An HTML locator may enable a web page tester to select an HTML element. Different types of HTML locators may be utilized to determine or identify locations of HTML elements on a web page. One type of HTML locator for a web page is XPath and another type of HTML locator is a CSS selector. XPath provides a way to describe an HTML element via its own attributes and its HTML Document Object Model (DOM) tree structure. HTML DOM is an Object Model for HTML. HTML DOM may define HTML elements as objects, properties for HTML elements, methods for HTML elements, and events for HTML elements, for example.

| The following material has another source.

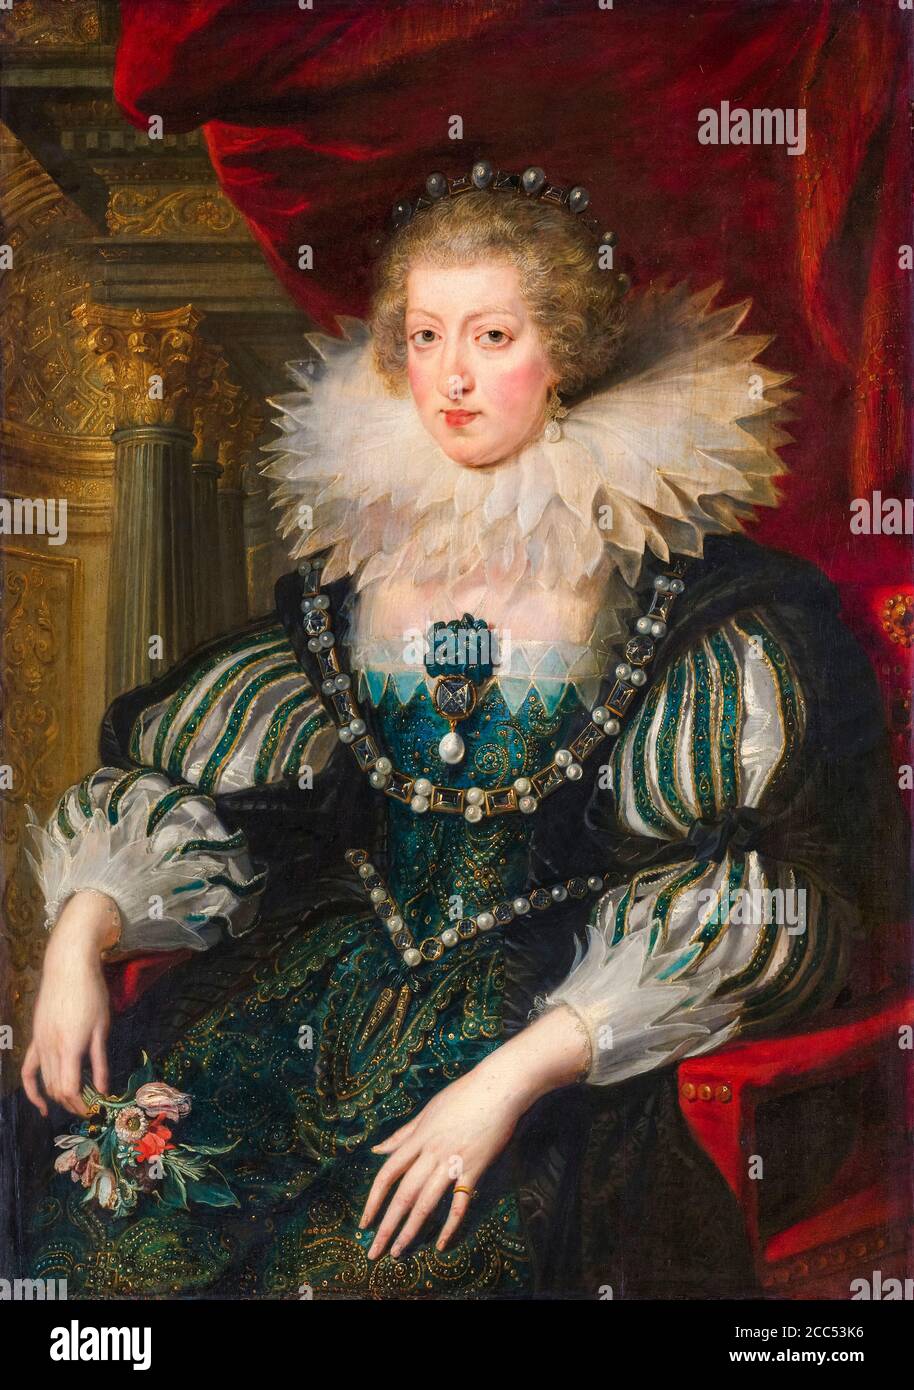 Anne d'Autriche (1601-1666), reine de France, épouse de Louis XIII, roi de France, portrait peint par Workshop de Peter Paul Rubens, 1625-1626 Banque D'Images

HTML DOM is a cross-platform and language-independent interface that treats an HTML document as a tree structure wherein each node is an object representing a part of the document. The DOM represents a document with a logical tree. Each branch of the tree ends in a node, and each node contains objects. DOM methods allow programmatic access to the tree. DOM methods enable a programmer to change the structure, style or content of a web page or electronic document.

A CSS selector, on the other hand, may be focused on the characteristics of the HTML elements themselves. A CSS selector is a useful method to determine the location of an HTML element when the structure of the HTML DOM tree for the web page is relatively complex. CSS selectors define the pattern to select elements to which a set of CSS rules are then applied. CSS selectors may be grouped into various categories based on the type of elements they can select.

One way of generating an XPath is to locate the HTML element in a DOM tree by using an absolute XPath. Here, an HTML element's parent node must be continuously noted until a root HTML node is reached. Every HTML element has a unique and absolute path, an XPath. However, an absolute path may not be stable. For example, whenever there is something changed in the HTML DOM tree for a web page, it may make the original absolute path invalid. Nowadays, dynamic web pages are quite common and the DOM tree for a web page may be changed frequently.

Another way to generate an XPath is to use a relative XPath. With a relative XPath, necessary information from a DOM tree may be determined, such as DOM tree structure, element attributes, and inner text elements. DOM tree information may subsequently be combined into an accurate and stable XPath. A stable XPath is one which will always work regardless of how often a web page is refreshed. A relative XPath is just as flexible as it may describe how one may go from home to an office.

For web pages which may not be accurately located by absolute or relative XPaths, a combination of XPath and a CSS selector may be utilized to determine one or more location candidates for an address of an HTML element.

CSS selector is a locating language to describe elements being located. The CSS Selector combines an element selector and a selector value that can identify particular elements on a web page. Like XPath in Selenium™, a CSS selector may locate web elements without certain information such as ID, class, or Name. A “Type” CSS selector may be used to select an HTML element based on its HTML Tag. A “Class” CSS selector may be used to select an HTML element based on its class name. An “Identifier (ID)” CSS selector may be used to select an HTML element based on its ID. An “Attribute” CSS selector may be used to select an HTML element based on its attributes.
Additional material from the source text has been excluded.